Task to carry out: For any picture in the lines below, please leave it out and copy the rest exactly.

Data shown:
..........
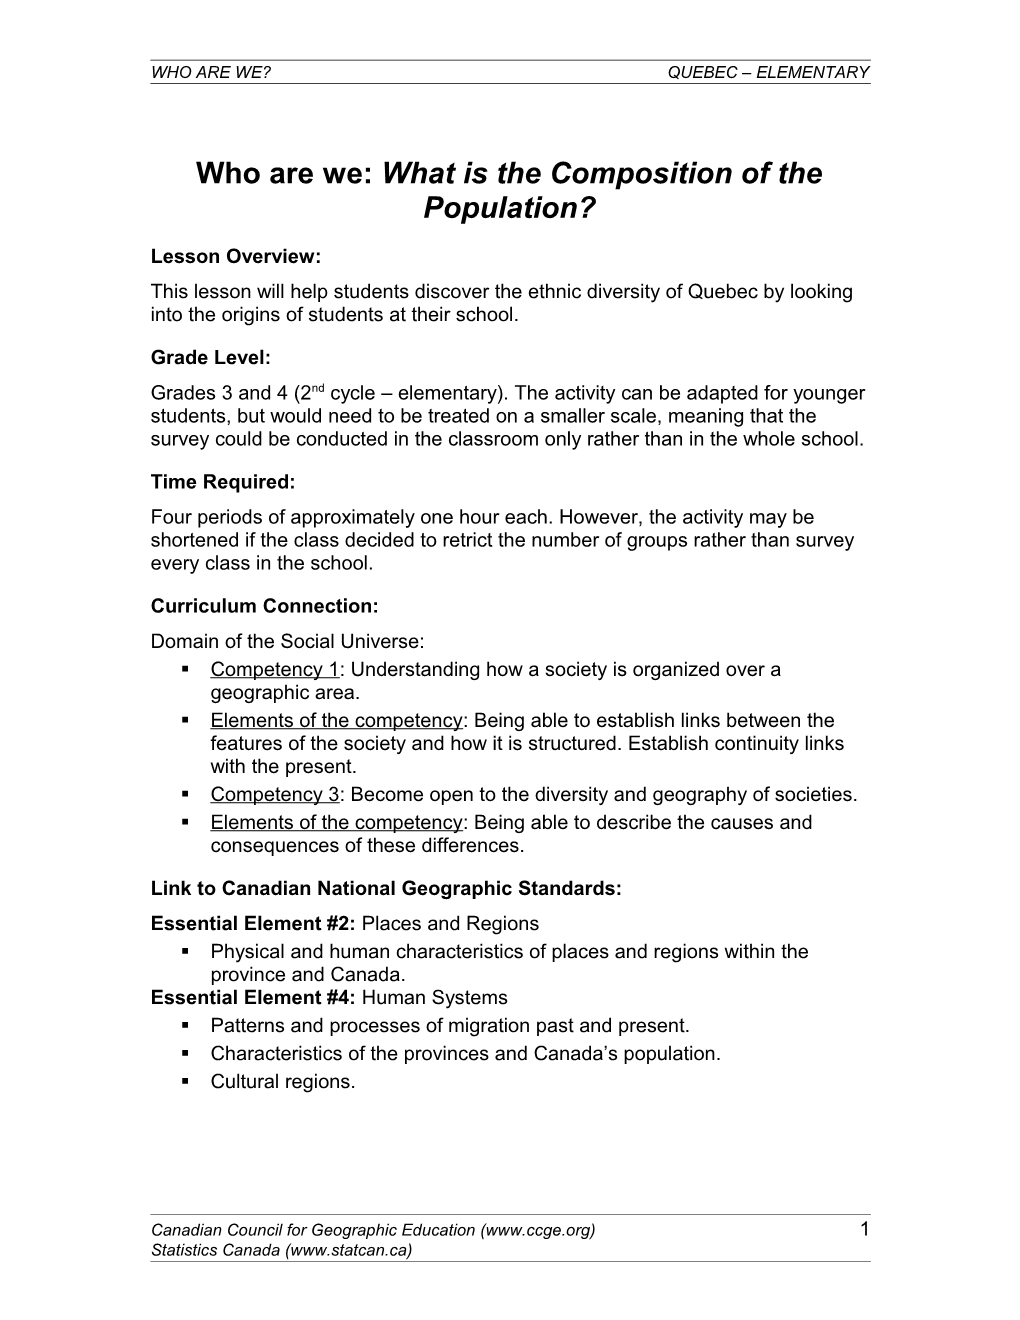 Who Are We: What Is the Composition of the Population?
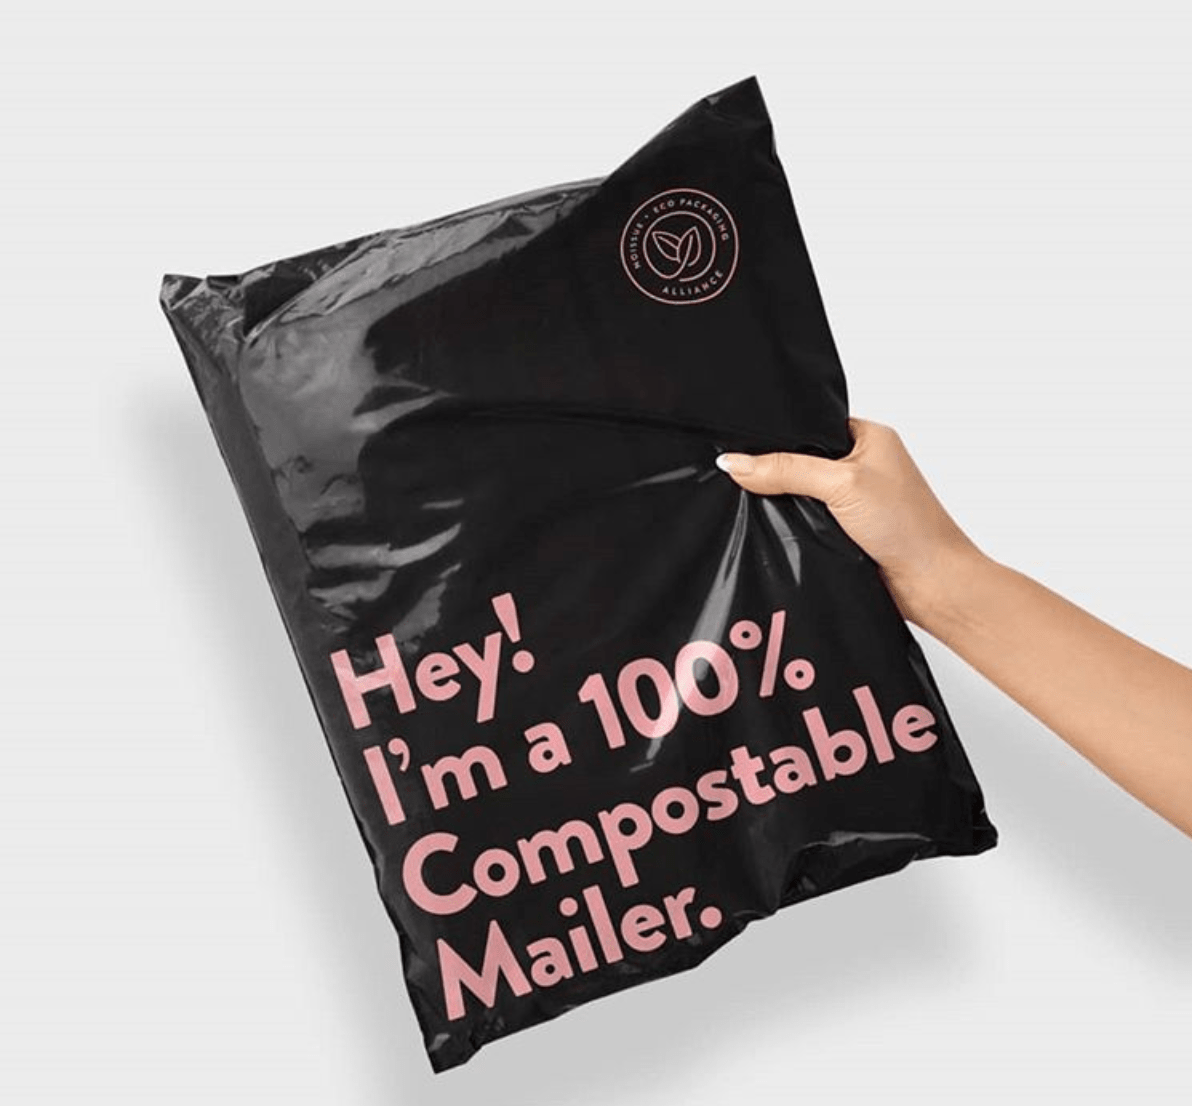 How To Dispose of Your Compostable Mailer
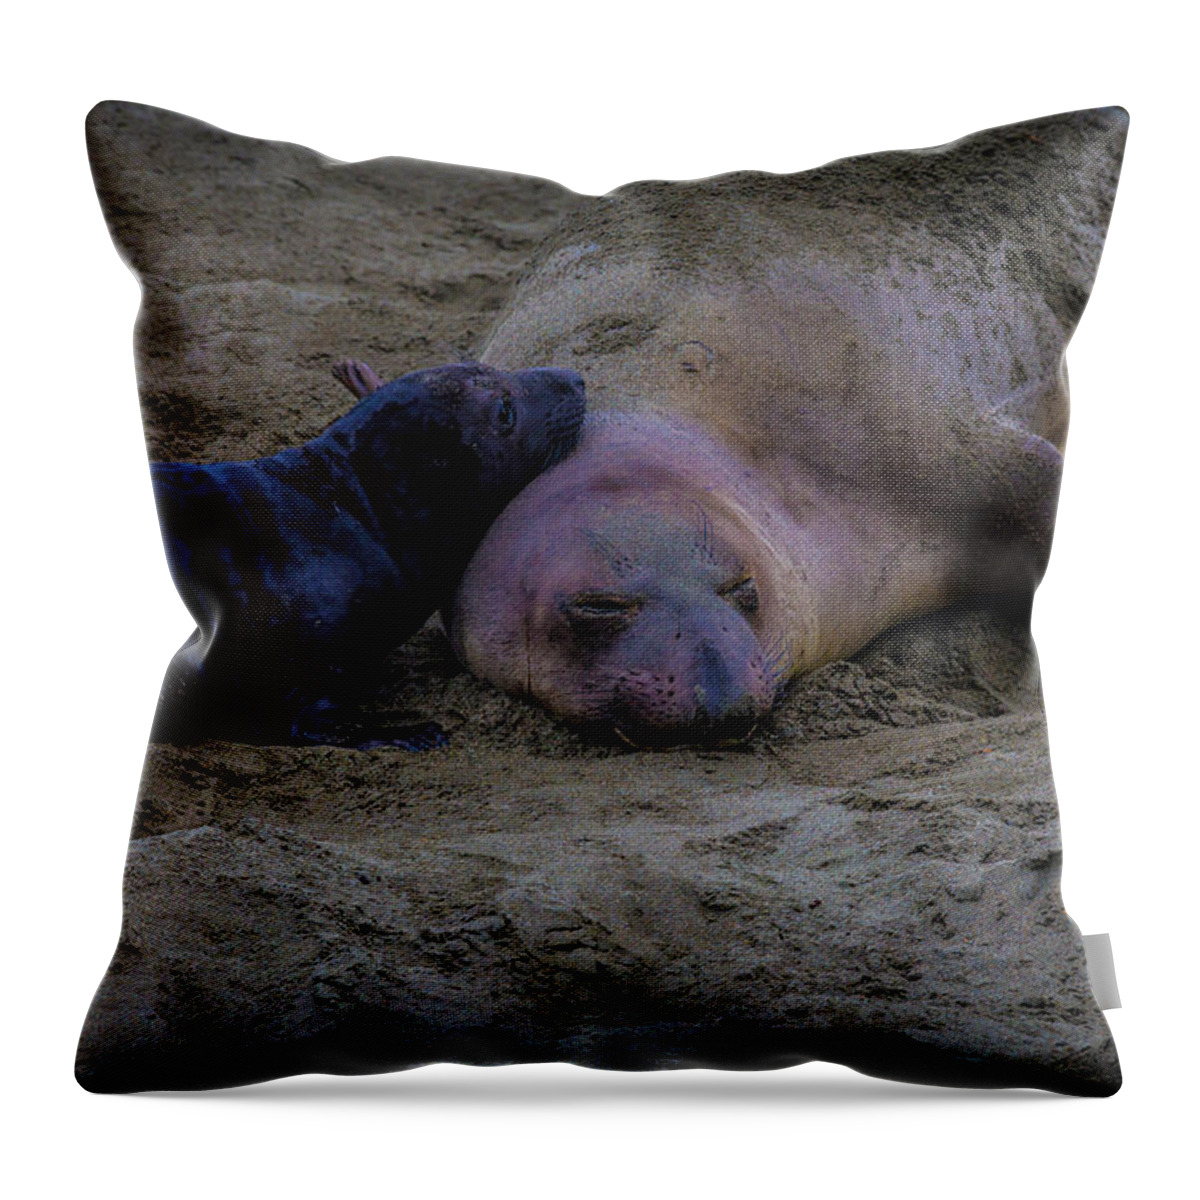 Elephant Throw Pillow featuring the photograph Elephant Seals Mom And Pup by Garry Gay
..........
Response to the exercise:
 Who Are We: What Is the Composition of the Population?
 How To Dispose of Your Compostable Mailer
 Elephant Throw Pillow featuring the photograph Elephant Seals Mom And Pup by Garry Gay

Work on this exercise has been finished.